As an example, let's plot the average SSIM, fraction of time spent stalled, and prediction scores per algorithm and day, for all sessions, for Fugu (static, labels fugu-feb) and the default version of Memento.

[1]: https://en.wikipedia.org/wiki/Wide_and_narrow_data

In [None]:
aggregated = (
    results
    # Select data.
    .query("(selection == 'all') and (abr in ('fugu-feb', 'memento'))")
    .drop(columns=["selection"])
    .query(
        "(variable == 'ssim' and metric == 'mean') or "
        "(variable == 'stream' and metric == 'stalled') or "
        "(variable == 'logscore' and metric == 'mean') or "
        "(variable == 'logscore' and metric == '0.01')"
    )
    # Reshape and round values for nicer visualization
    .pivot(
        index=["day"],
        columns=["variable", "metric", "abr"],
        values="value",
    )
    .round(2)
)
display(aggregated)
display(aggregated.mean().to_frame("Mean").T)

For an almost on-par image quality (on average 0.5% worse), Memento spends a smaller fraction of streamtime stalled than Fugu (on average 18% less).
The prediction score is slightly worse for Memento on average and significantly better at the tail.

Both ABRs use the same algorithm and ML model architecture, but Memento selects training samples to cover the whole sample space.
As a result, we are more robust to rare cases, which shows in the reduction of stalls.
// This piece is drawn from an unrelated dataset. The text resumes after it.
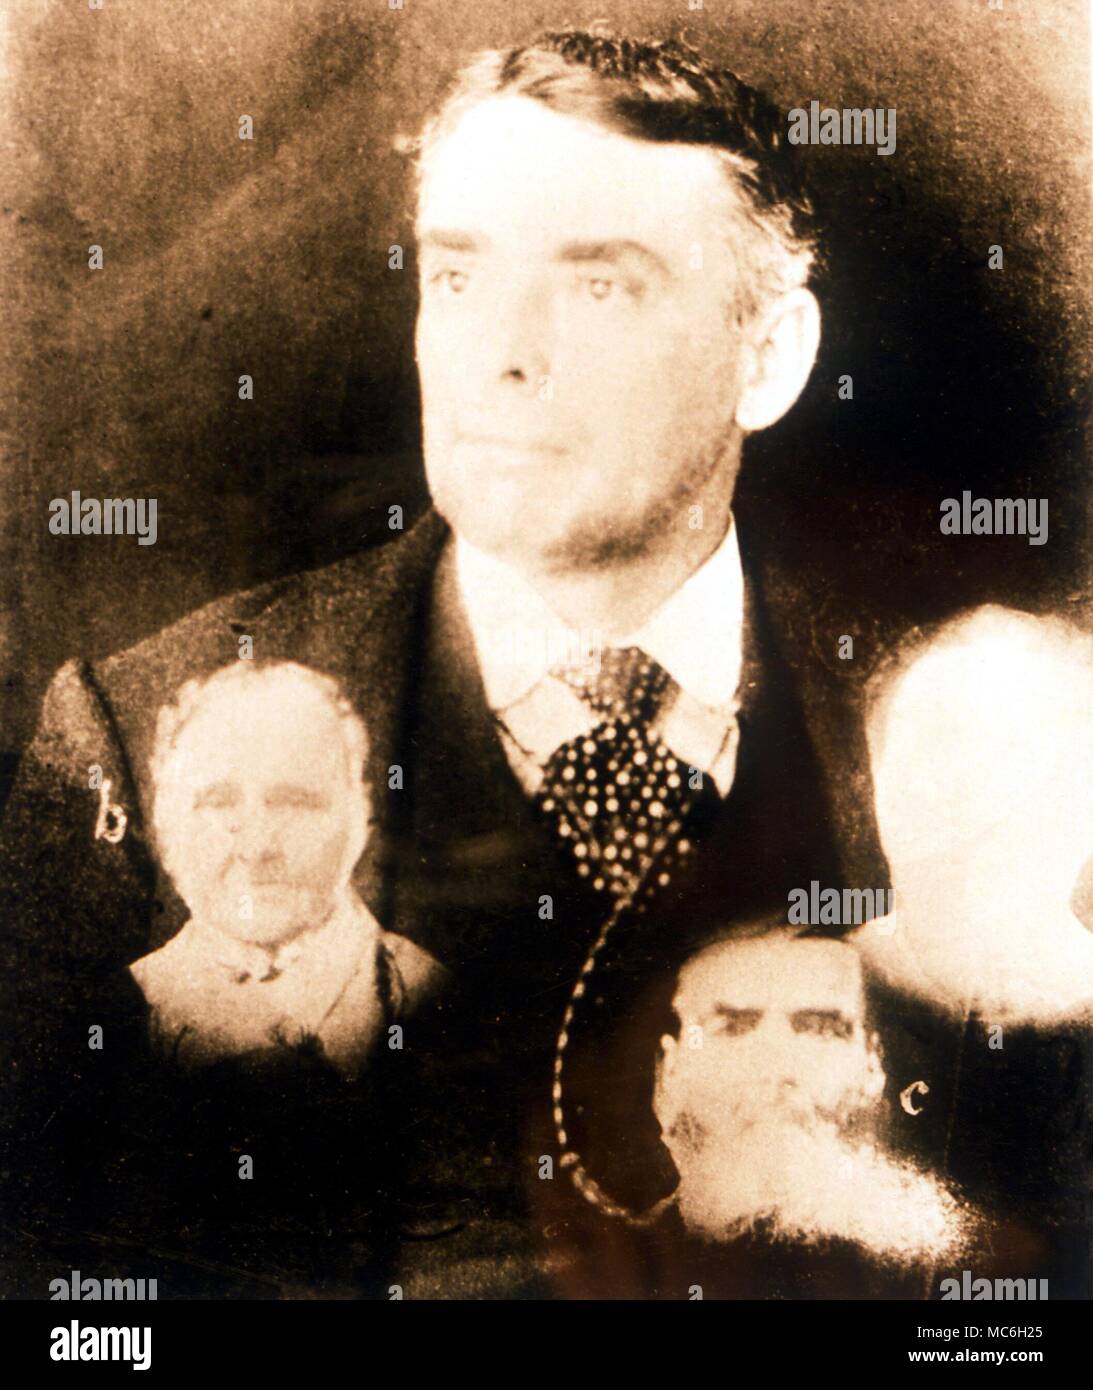 Gespenster - wyllie Bild Foto von lebendigen Subjekt mit mehreren gespenstischen 'Extras', vom Amerikanischen psychische Fotograf Edward Wyllie, um 1890 getroffen Stockfoto

We pay a small price in image quality, as we learn to predict the most common cases a little worse.


# Puffer Data Replay

In this experiment, we replay the data from the demo week, to train a Fugu model from scratch using samples selected by Memento.

For each day of the week, we feed the data into Memento, which updates a training data set (which contains at most a million samples).
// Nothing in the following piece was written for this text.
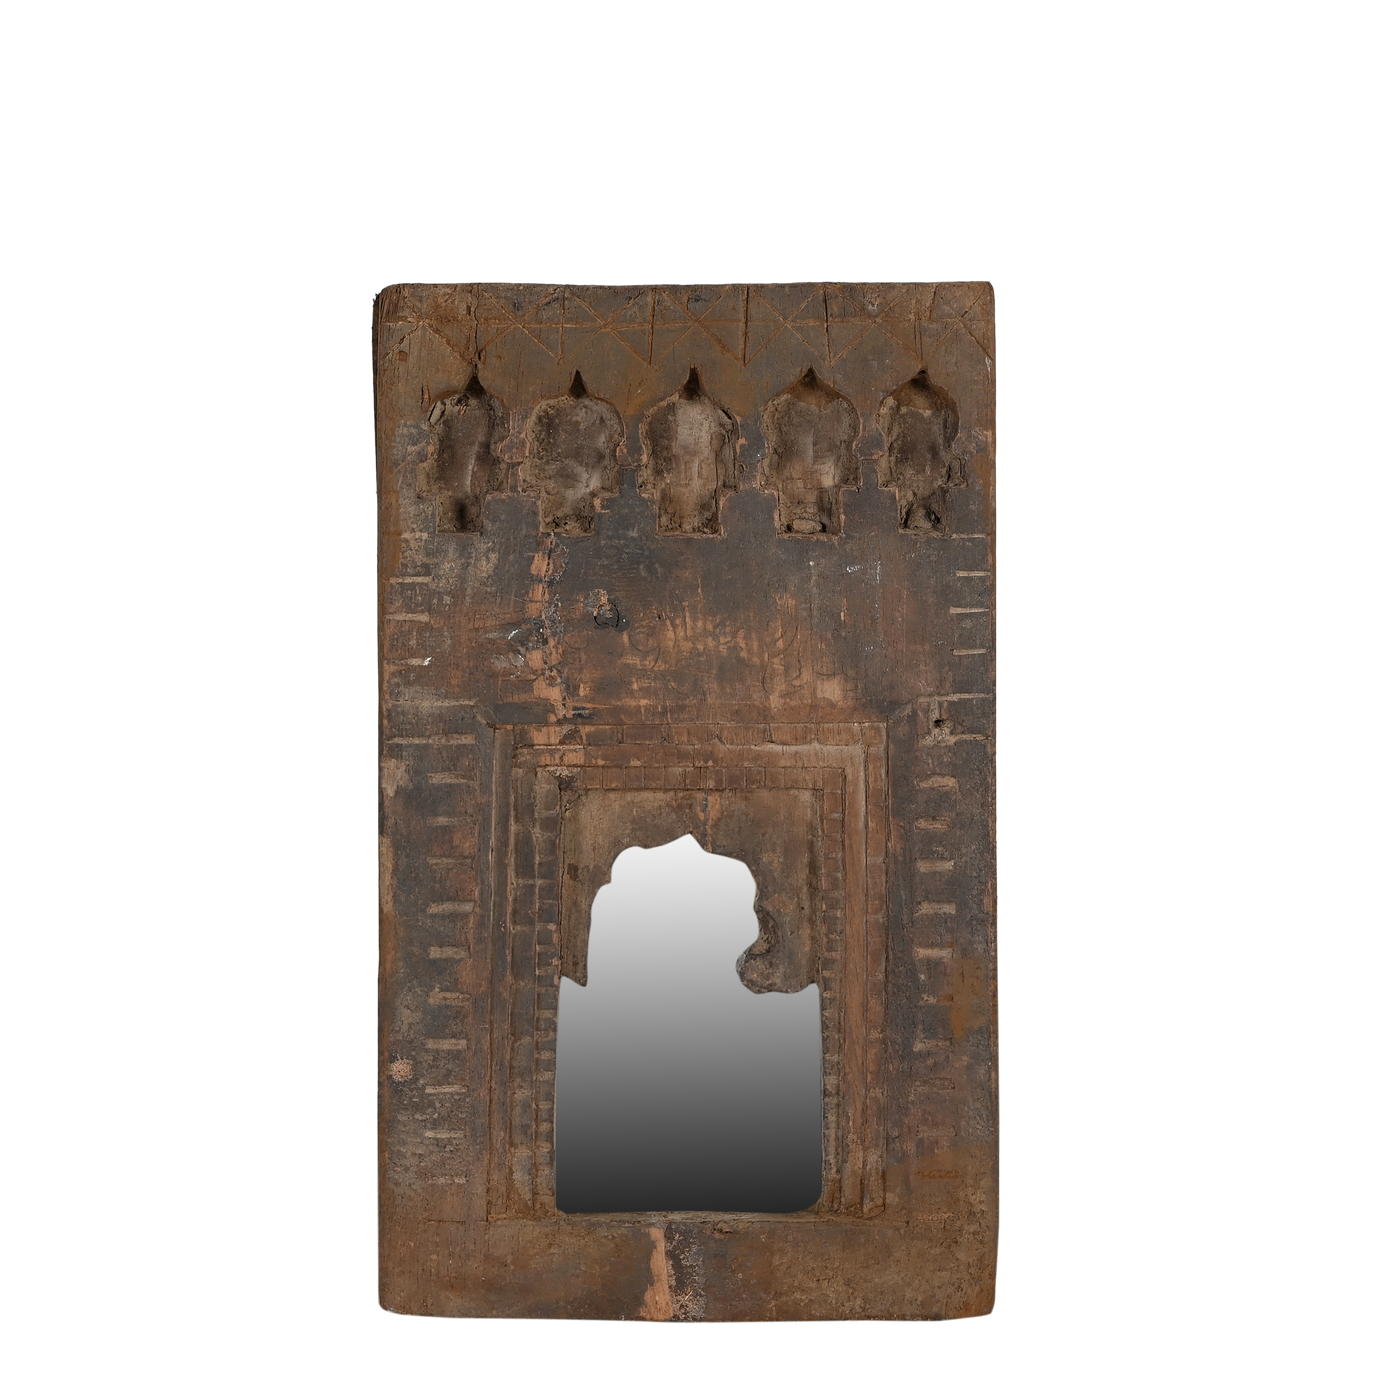 Mandir - Temple mirror n°53

This model is evaluated on the data of the next day.
The Fugu (static) model is also evaluated on this data as a comparison point.
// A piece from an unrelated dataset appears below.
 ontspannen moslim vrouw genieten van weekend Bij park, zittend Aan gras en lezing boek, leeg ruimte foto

Note that during this experiment, we train and evaluate every day to get a close look at the samples selected at every step. In deployment, Memento would not retrain if the sample set does not change significantly.

We replay data to analyze the impact of various parameters on the quality of Memento. For a more in-depth analysis and to recreate the figures from the paper, see the [puffer-replay notebook](./puffer-replay.ipynb).

In [None]:
replay_directory = config.output_directory / "run-demo/replay"
replay_results = eh.data.read_csv(replay_directory / "results.csv.gz")

# Have a look at the raw data.
display(results.head())

The results contain a range of aggregation metrics (in the `metric` column) for different variables (in separate columns).

As an example, we plot the mean and tail prediction score over iterations for both the Memento-trained model and the Fugu (static) model.

In [None]:
selected_results = (
    replay_results
    .query("metric in ('mean', '0.01')")
    .melt(id_vars=["iteration", "metric"],
          value_vars=["logscore", "fugu_feb_logscore"])
)
selected_results.head()

In [None]:
sns.relplot(
    data=selected_results,
    kind="line",
    x="iteration", 
    y="value",
    style="metric",
    hue="variable",
).set(
    xlabel="Days replayed",
    ylabel="Logscore",
)
plt.show()

We can see that the mean prediction scores are almost equal, with Fugu (static) being slightly better.

At the tail, however, Memento is significantly better, as it has seen more rare cases during training, even after after only a couple of days.

Finally, let's have a look at the `stats.csv.gz`, which contains additional info about the retraining decisions process.

In the demo, we retrain every day to see the effects of sample selection.
In deployment, we only retrain if the estimated coverage of sample space increases by 10%. Let's plot this value.

In [None]:
stats = eh.data.read_csv(replay_directory / "stats.csv.gz")
display(stats.head())

In [None]:
sns.relplot(
    data=stats,
    kind="line",
    x="iteration",
    y="coverage_increase"
).set(
    xlabel="Days replayed",
    ylabel="Relative coverage increase",
)
plt.show()

Note that day 0 is excluded. Without previous samples, we cannot estimate a difference in coverage and always retrain.

We can see that the coverage increase is above 0.1 only for day 1, so Memento would have retrained on days 0 and 1 and stopped after, as newly observed samples are already covered by the sample selection and retraining would be unlikely to yield improvements.